Do you need to understand big data and how it will impact your business? This Specialization is for you. You will gain an understanding of what insights big data can provide through hands-on experience with the tools and systems used by big data scientists and engineers. Programming language is not required. You will be guided through the basics of using Hadoop with MapReduce, Spark, Pig and Hive.
You will experience how one can perform predictive modeling and leverage graph analytics to model problems.
This specialization will prepare you to ask the right questions about data, communicate effectively with data scientists, and do basic exploration of large, complex datasets.
To enhance your learning experience, we will also make you work on real-time industry-based projects
Discription
Hadoop is a framework to store and process big data. Hadoop specifically designed to provide distributed storage and parallel data processing that big data requires. Hadoop is an open source project from Apache Software Foundation.
It provides a software framework for distributing and running applications on clusters of servers that is inspired by Google’s Map-Reduce programming model as well as its file system(GFS).
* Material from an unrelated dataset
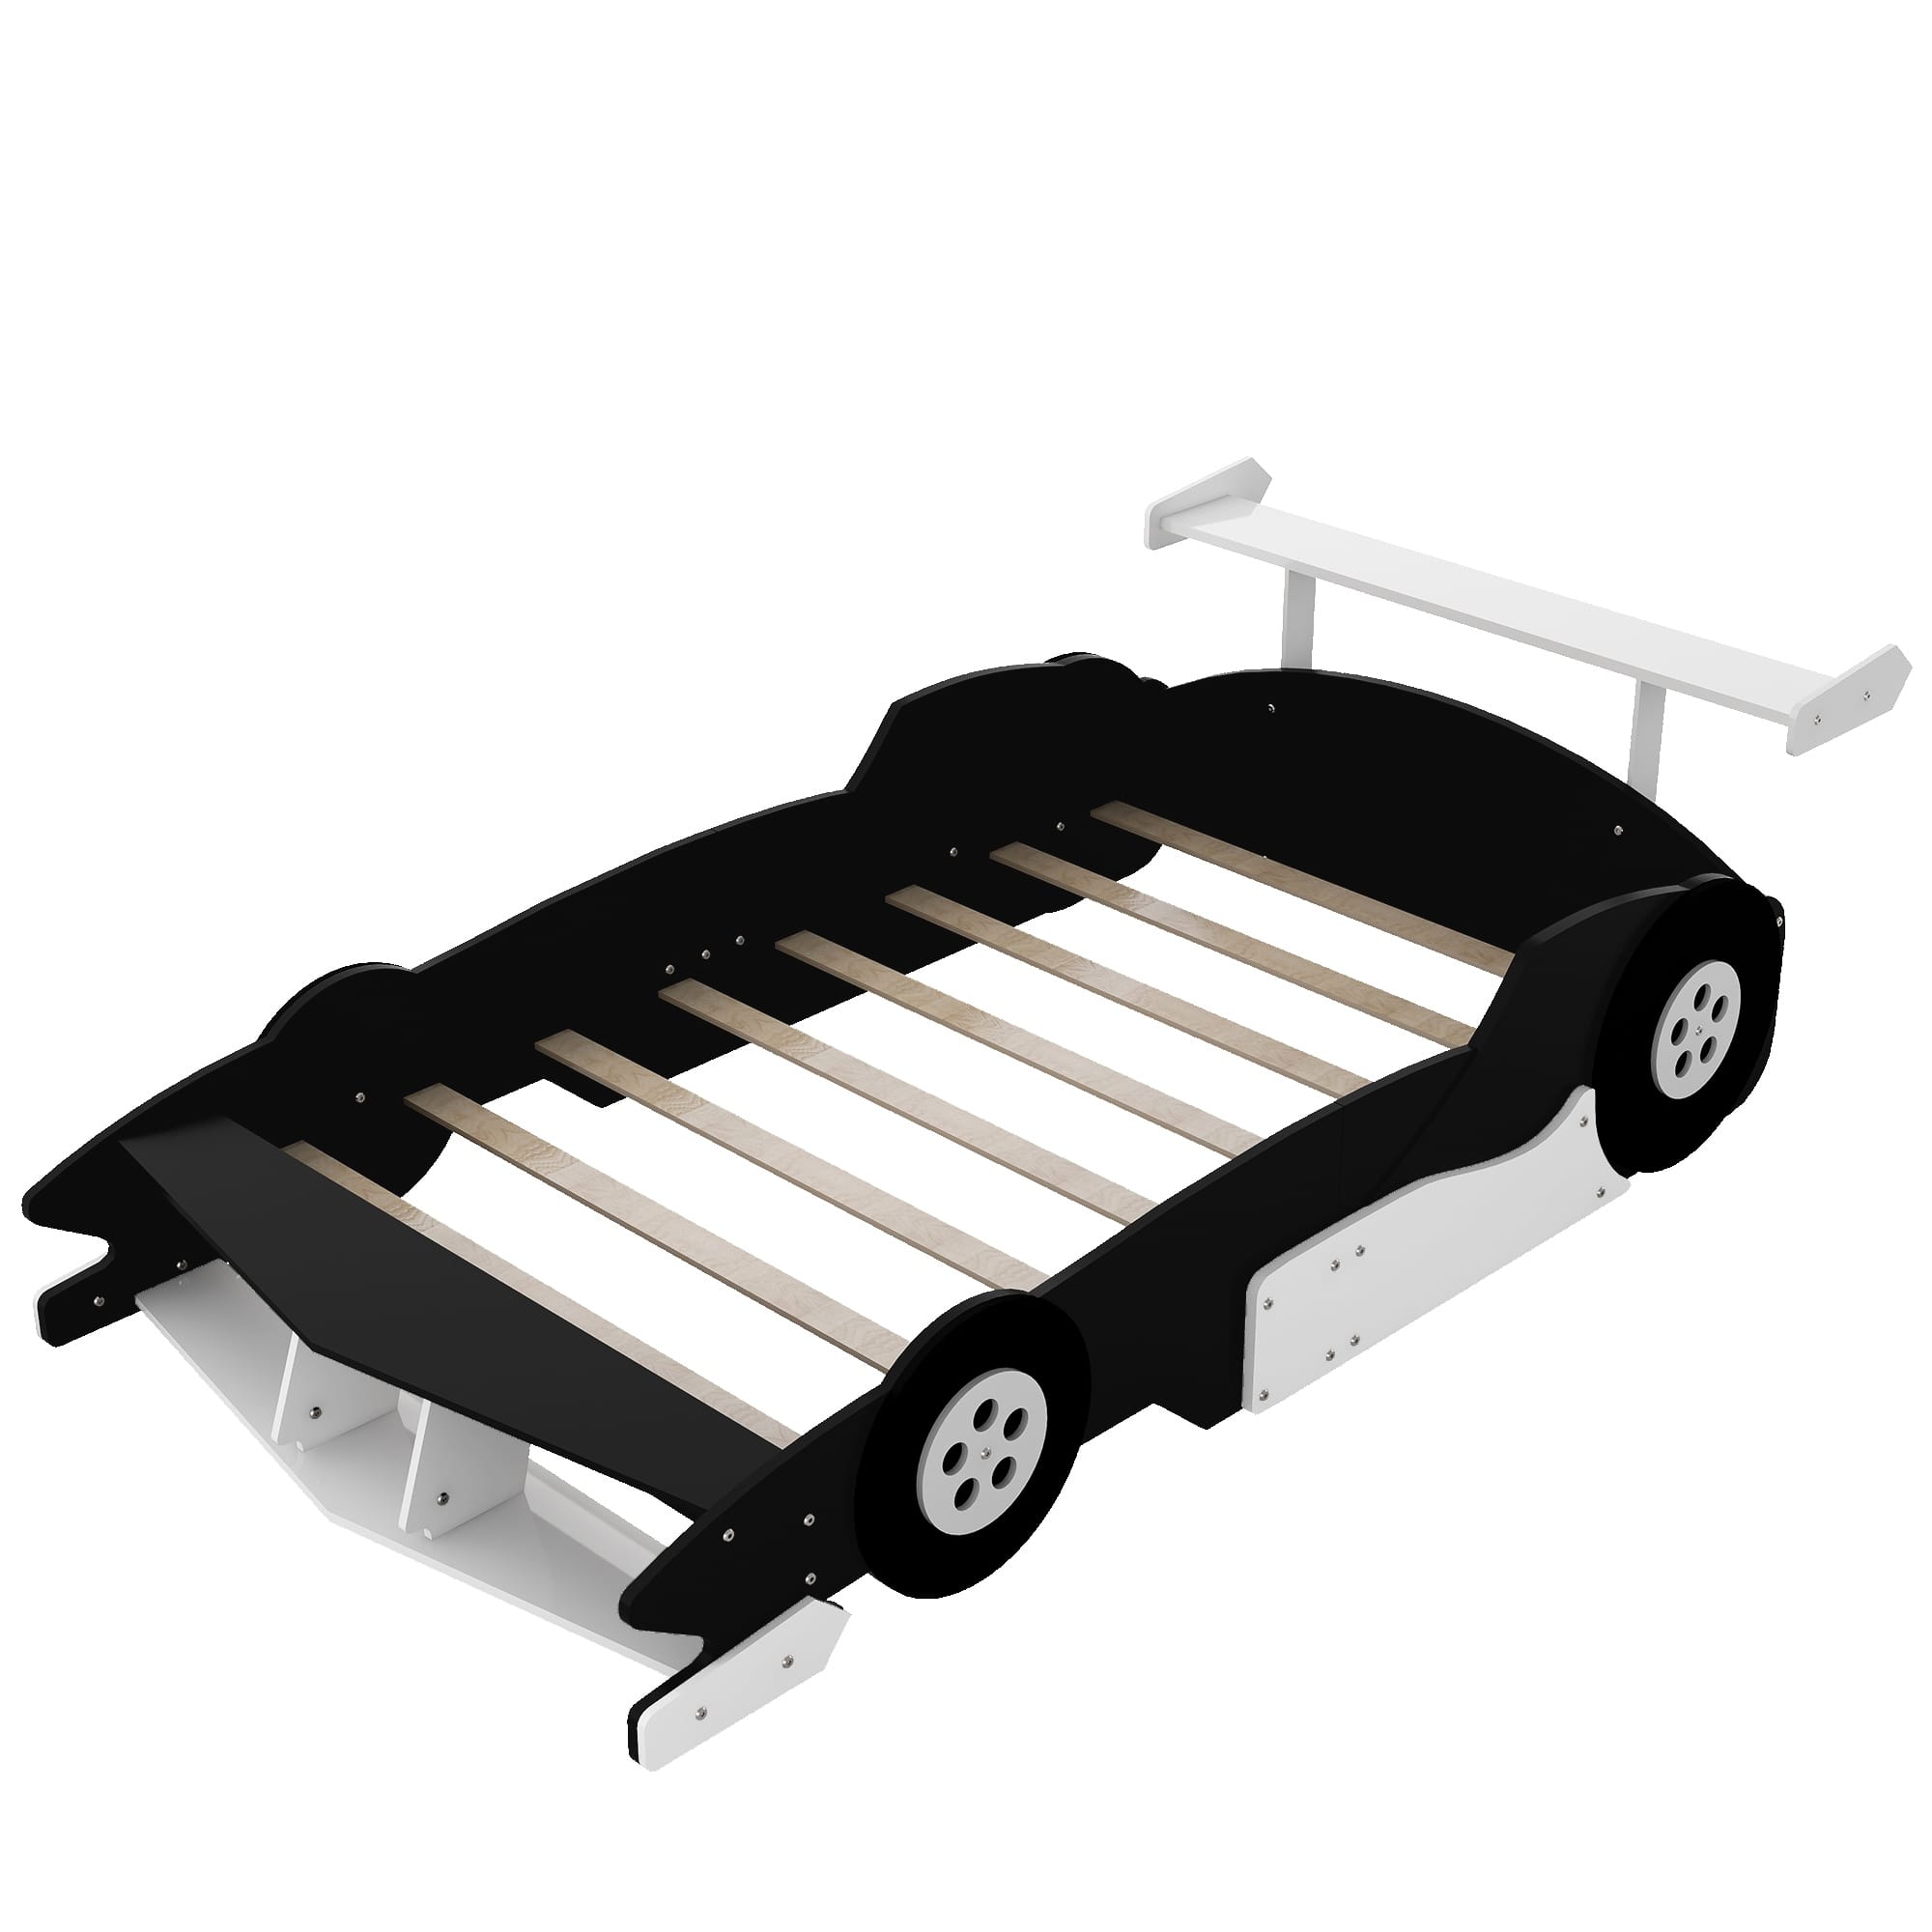 Full Kids Race Car Bed Fun Play with Wheels and Footboard, Navy Blue ...

Hadoop was originally written for the nutch search engine project.
Hadoop is open source framework written in Java. It efficiently processes large volumes of data on a cluster of commodity hardware.
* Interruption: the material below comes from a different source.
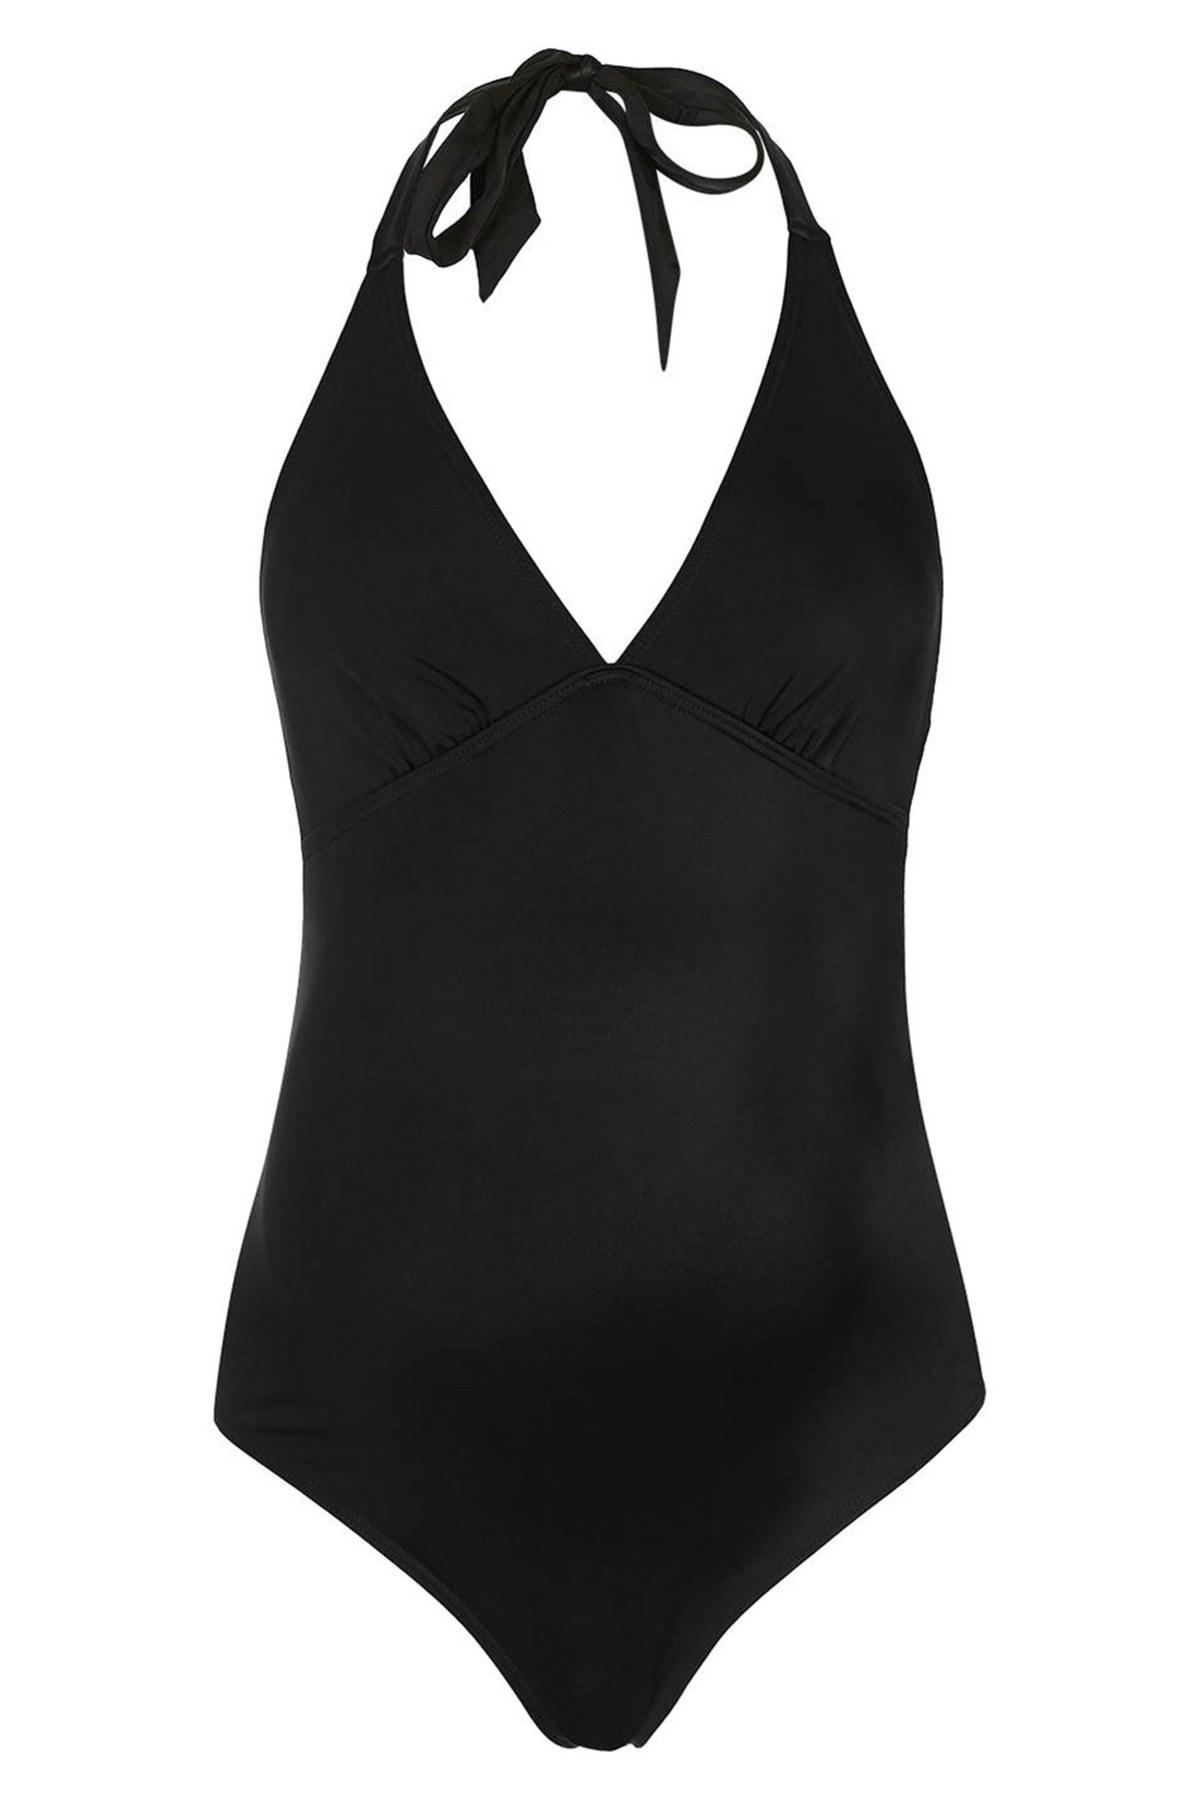 Lyst - TOPSHOP Solid Halter One-piece Maternity Swimsuit in Black

Hadoop can be setup on single machine , but the real power of Hadoop comes with a cluster of machines , it can be scaled from a single machine to thousands of nodes. Hadoop consists of two key parts, Hadoop Distributes File System(HDFS) Map-Reduce.
What will I learn
Describe the Big Data landscape including examples of real world big data problems including the three key sources of Big Data: people, organizations, and sensors.
Explain the V’s of Big Data (volume, velocity, variety, veracity, valence, and value) and why each impacts data collection, monitoring, storage, analysis and reporting.
Get value out of Big Data by using a 5-step process to structure your analysis.
Identify what are and what are not big data problems and be able to recast big data problems as data science questions.
Provide an explanation of the architectural components and programming models used for scalable big data analysis.
Summarize the features and value of core Hadoop stack components including the YARN resource and job management system, the HDFS file system and the MapReduce programming model.
Concept of an ML Dataset, and ML algorithm, model selection via cross validation
Why learn Hadoop
Hadoop stores huge files as they are raw without specifying any schema.
High scalability - We can add any number of nodes, hence enhancing performance dramatically.
High availability - In hadoop data is highly available despite hardware failure. If a machine or few hardware crashes, then we can access data from another path.
Reliable - Data is reliably stored on the cluster despite of machine failure.
Economic - Hadoop runs on a cluster of commodity hardware which is not very expensive.